Northern youth just fodder for Tories’ campaign

Posted on August 21, 2015 in Governance Debates – Opinion/Column
August 19, 2015.   Madeline Ashby

Prime Minister Stephen Harper has promised, if re-elected, to expand the Junior Canadian Rangers by 15% to a force of 5,000.

They will also receive shiny new guns: a .308-calibre Winchester rifle called the C-19, based on an existing Sako compact tactical rifle design but built under licence by Colt Canada. Those Junior Rangers currently carrying Lee Enfield rifles will be allowed to keep them, as “a symbol of our nation’s gratitude for their dedication and commitment.”

This expansion, and the rifle replacement program, are part of the Conservative government’s Northern Strategy, whose goal is “helping the North realize its true potential as a healthy, prosperous and secure region within a strong and sovereign Canada.”

Arctic sovereignty has been a plank in the Conservative platform for a number of years, now. As Harper himself said, “We share the Arctic with a hostile state, unconcerned with international norms such as respect for territorial integrity . . . Justin Trudeau’s alarming naïveté, and Thomas Mulcair’s dangerously ideological foreign policy, mean that they simply aren’t prepared to keep Canada safe.”

Presumably, arming a group of 12-18 year-olds and asking them to work alongside seasoned adults as scouts is the answer.

Now, there’s nothing inherently wrong with the Junior Canadian Rangers program.

In fact, teaching kids how to operate guns, snowmobiles and other dangerous pieces of equipment safely, as well as how to survive in the wilderness, is a pretty great idea. That so many of the youth who participate are aboriginal is even better: many JCR cadet patrols focus on preserving aspects of “traditional” aboriginal life local to their areas. (What this means varies by area.) And the JCR is undivided by gender. Boys and girls participate in training together.

What’s wrong is positioning the accomplishments of these young people as valuable only in their contribution to Canada’s plans for Arctic sovereignty.

Learning how to navigate, build a shelter, pilot a boat, deliver first aid and lead a team are all valuable skills. But they’re valuable skills in and of themselves, outside of a national defence agenda. More kids everywhere should learn those same skills, not just the ones who, Sarah Palin-like, might see some Russians from their porch.

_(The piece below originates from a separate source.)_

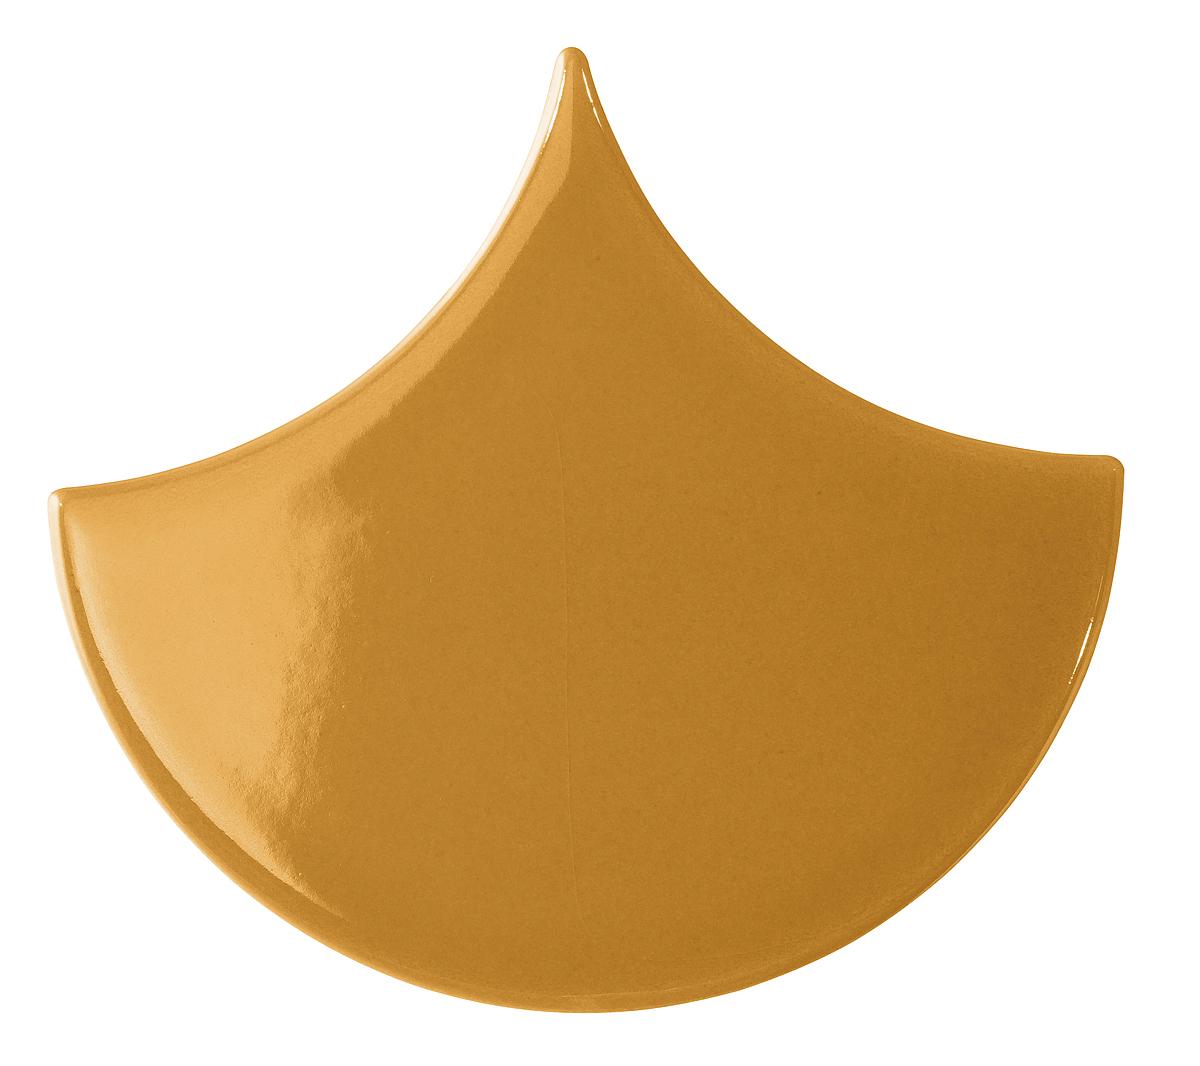 Carrelage Scales de Aleluia, Céramique, 13.5x15 cm, Surface brillante, Teinte orange,

When we involve youth, especially under-privileged youth, in a national defence agenda, we tell them that their primary value to Canada is as watchdogs and little else. The expansion of the JCR sounds a lot like Red Dawn, but also a bit like Game of Thrones: perhaps some day kids from all over Canada will be sent to watch the border for those mythical Russian wildlings.

Why focus so intently on the military contribution these kids can provide? Why not focus on the social value? Isn’t that also part of peace, order\ and good government?

The answer is that a primarily social good that is of benefit to under-privileged youth in communities where not nearly enough of Canada’s bounty is invested just doesn’t play to the Conservative party’s base. And the Conservative party’s strategy this election has been to play to their base, to promise more of the same.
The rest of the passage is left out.